Thank you very much!


----------



## GreatWhite4591 (Sep 7, 2005)

The Food Network has a pecan crusted fish recipe that was perfect on Wahoo! My wife pan browned with olive oil before applying the crust and baking. Give it a try.
G


----------



## AggyCat (Apr 21, 2005)

*Brennans Pecan Crusted Sea Trout*

Brennan's Pecan Crusted Sea Trout:

Doing this from memory:

1 Bag Shelled Pecans
1 Teaspn worsteshire sauce
a few dashes of tabasco
your favorite creole seasoning to taste, like Tony's
1 cup fluor
enough oil in skillet to create 1/8" to 1/4" depth

Mix pecans, worsteshire sauce, tabasco, and seasoning in bowl. Layout pecan mixture on cookie sheet and roast for 45 minutes (I think around 325 degF).
Process roasted pecans in food processor until finely chopped. DO NOT overdo this step, otherwise oil from pecans will separate out and you will wind up with a pastey mess. You should strive for saw dust consistency- NOT POWDER.

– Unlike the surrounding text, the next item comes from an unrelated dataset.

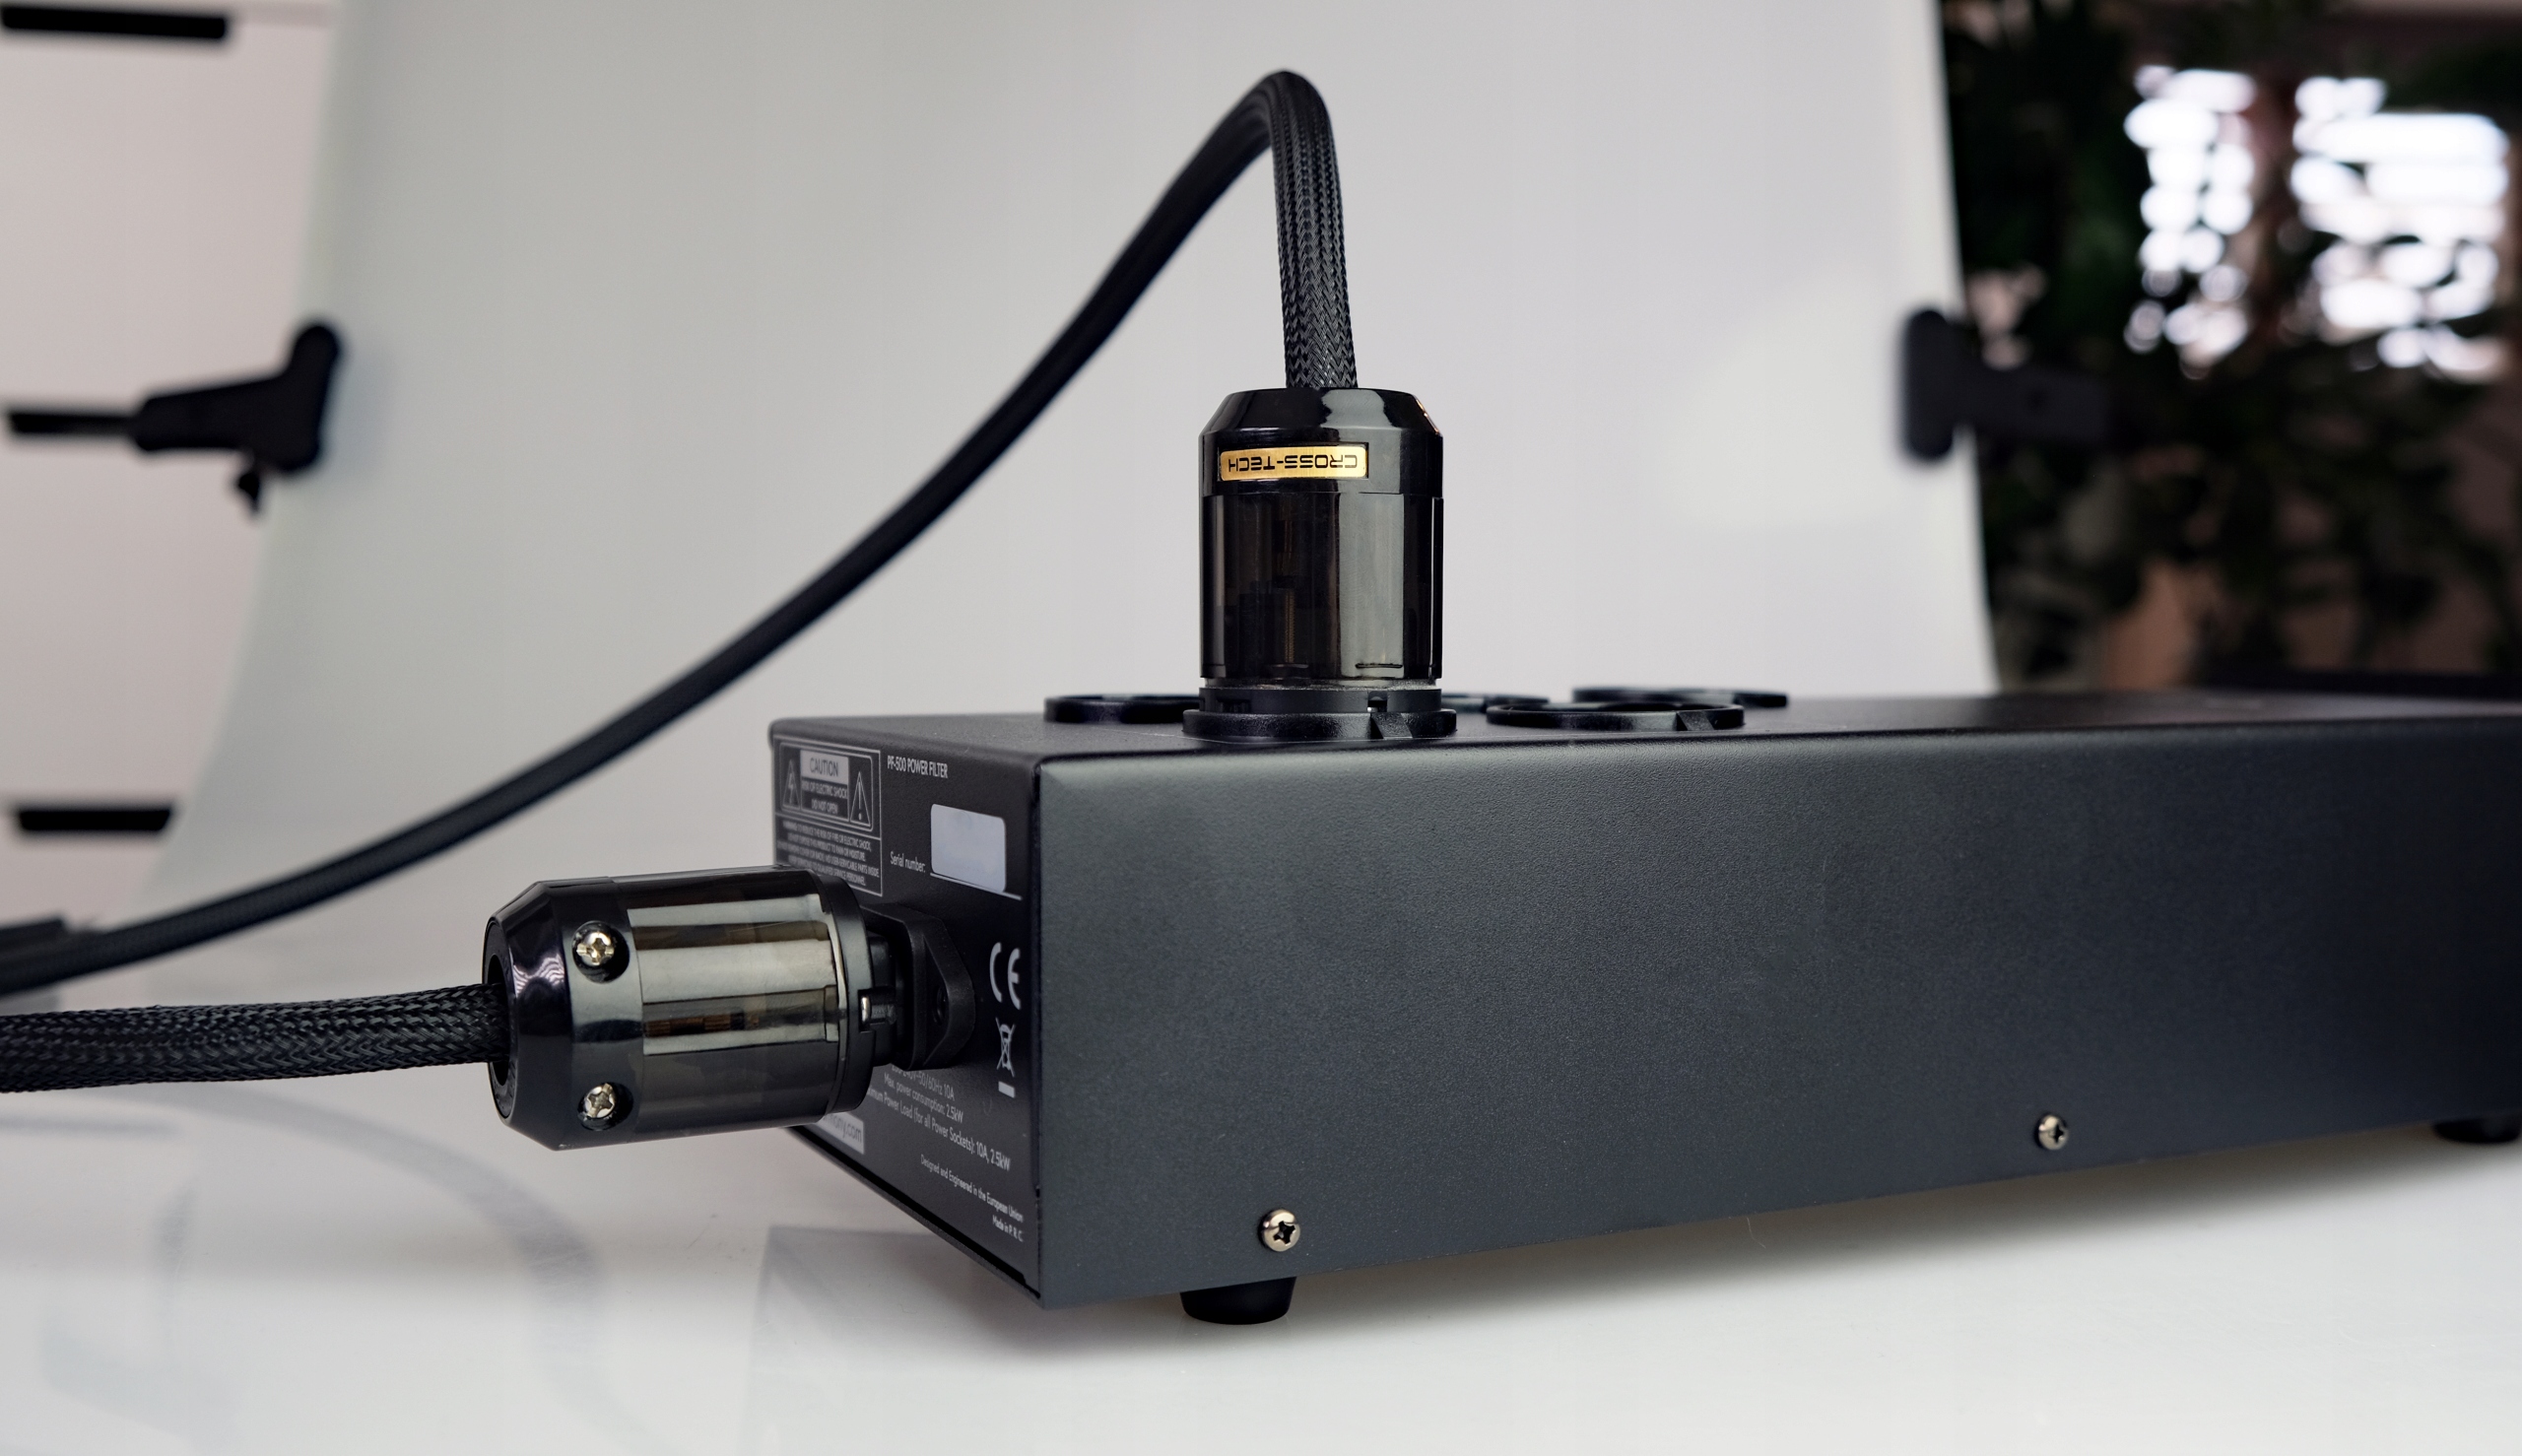 Kabel przewód zasilający CROSS-TECH oplot - 1m Waga produktu z opakowaniem jednostkowym 1 kg

Add more Tony's to flour until it has an orange like tint. Mix seasoned fluor with pecan mixture. Egg wash your fillets, dip in pecan flour, throw them in the skillet. Fry both sides.

This sounds about right. If anyone has an interest I have the real recipe at home which I can look up for you.


----------



## GreatWhite4591 (Sep 7, 2005)

Had pecan crusted Mahi tonight - another fine dish!


----------